Answer by sdmmadam@yahoo.com(530)   (Show Source):
You can put this solution on YOUR website! Prove that 8^n - 3^n is divisiible by 5 for all natural numbers n.
Do i use Induction?
YES. You are right.
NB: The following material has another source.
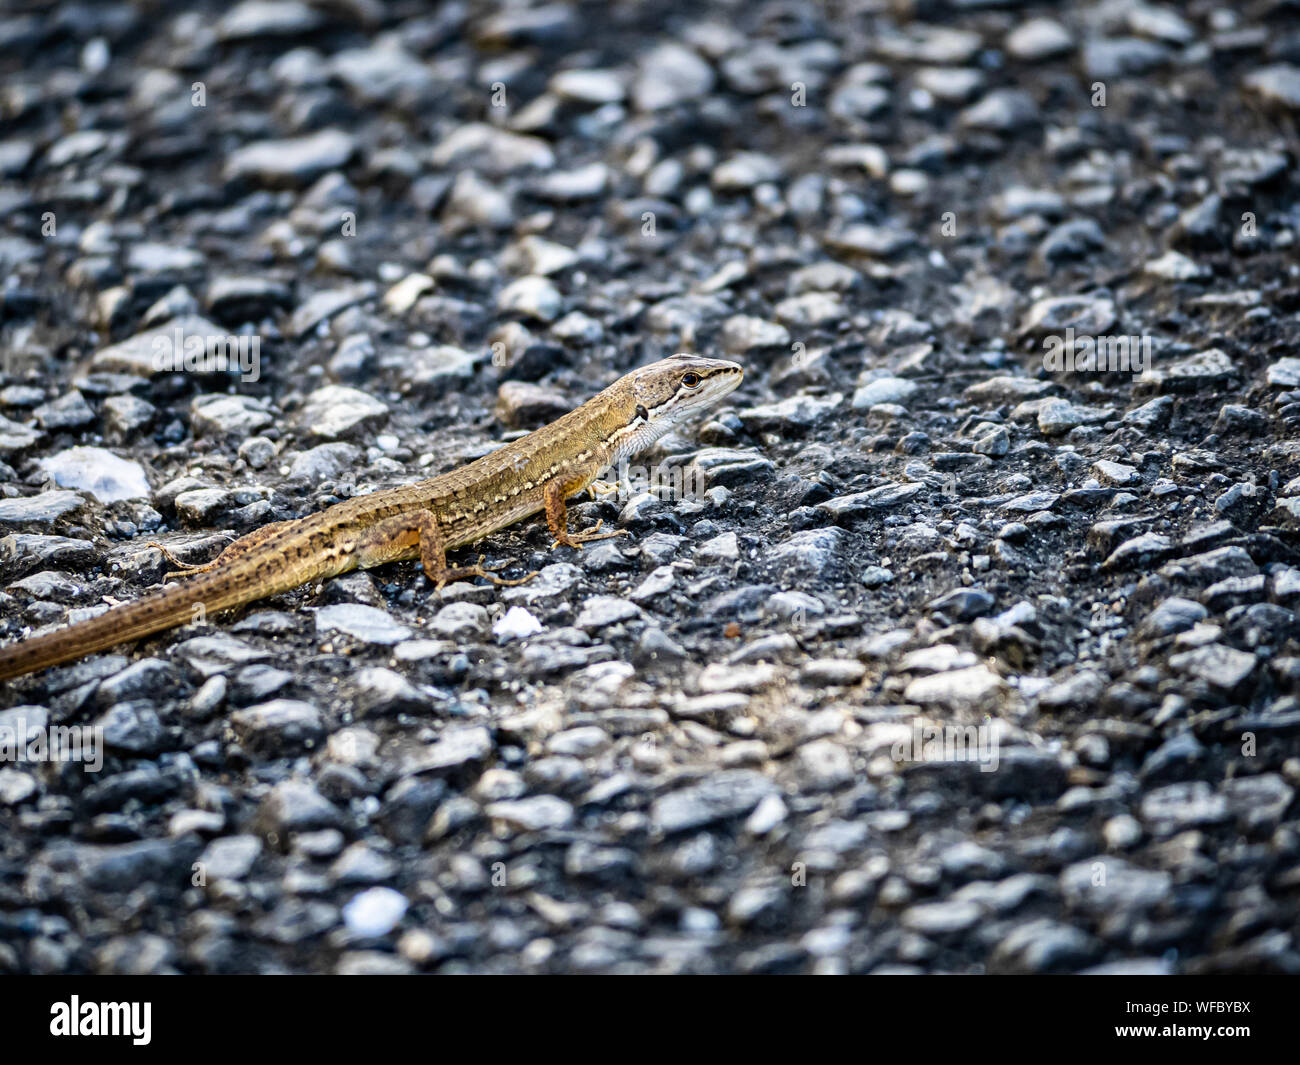 A Japanese grass lizard, Takydromus tachydromoides, scurries across a walking path in Yokohama, Japan. Stock Photo
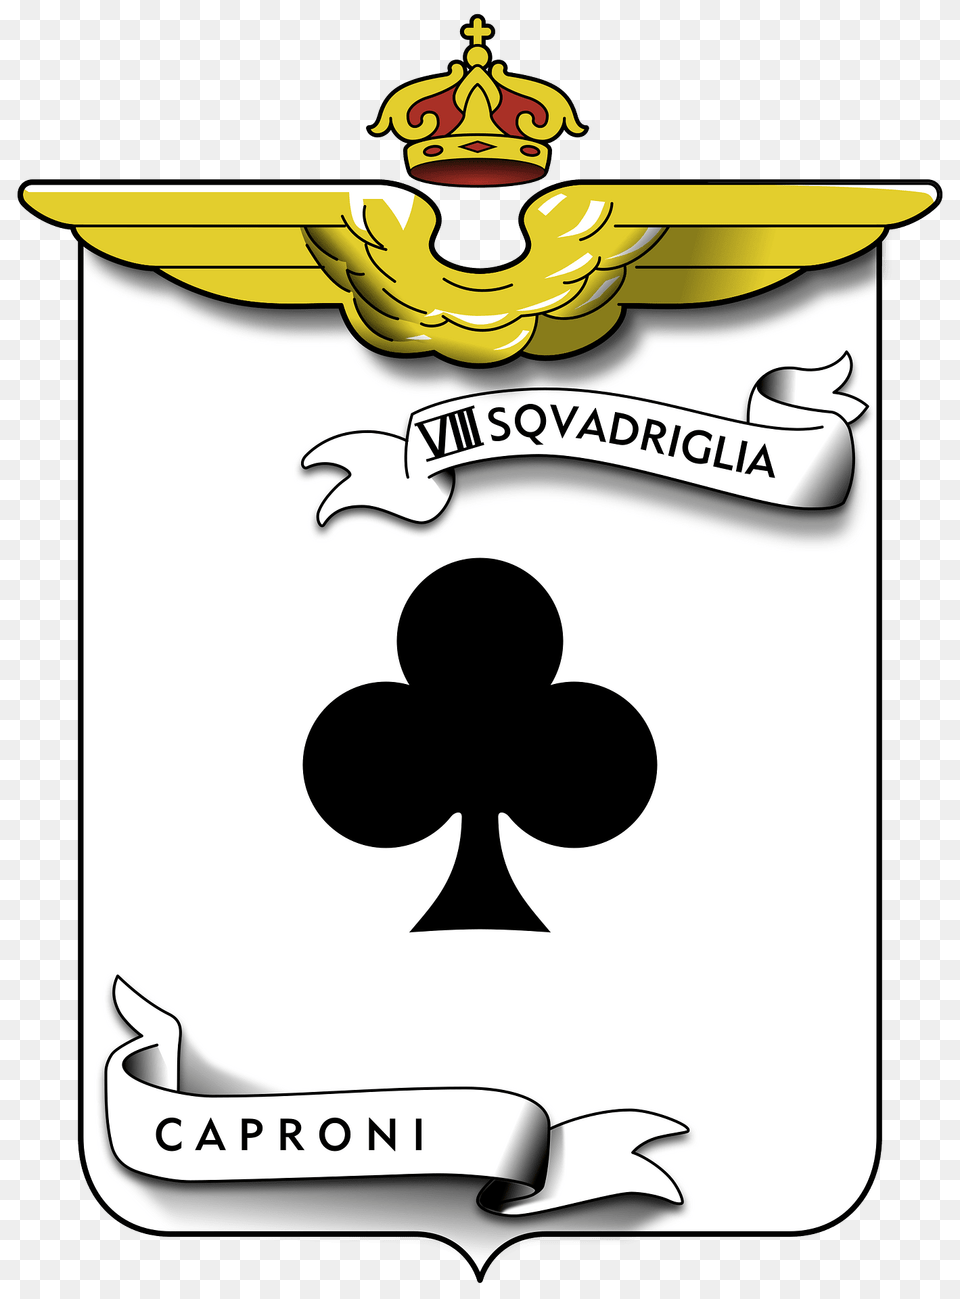 Coa Viii Squadriglia Caproni Club Clipart, Logo, Symbol, Text, Smoke Pipe Png

You do use induction.
Let P(n) = 8^n - 3^n ----(I)
Consider n=1
Then 8^n - 3^n= 8^1-3^1 = 8-3 =5 which is divisible by.5----(1)
Consider n=2
Then 8^n - 3^n= 8^2-3^2 = 64-9 =55 =(11X5) which is divisible by.5
Let now P(m) =8^m-3^m ----(II)
be true for some intermediate positive integer m>2
Then P(m+1)= 8^m-3^m= (5+3)^m - 3^m
= {5^m +m(5^(m-1))X3 +[m(m-1)/2][(5^(m-2))X3^2]+......[m(5^1)(3^(m-1))]
+3^m}-3^m
= 5^m +m(5^(m-1))X3 +[m(m-1)/2][(5^(m-2))X3^2]+......[m(5^1)(3^(m-1))]
=5X[....]
{as (+3^m-3^m)=0 and each of the other terms contains 5 as a factor}
which is divisible by 5
Thus P(m+1) is true
Therefore P(m) implies P(m+1) ----(*)
And since P(2) is true therefore by (*),P(2+1)=P(3) is true
And since P(3) is true therefore by (*),P(3+1)=P(4) is true
And since P(4) is true therefore by (*),P(4+1)=P(5) is true
contiuning similarly finally we arrive at the proposition TRUE for any given positive integer n however large!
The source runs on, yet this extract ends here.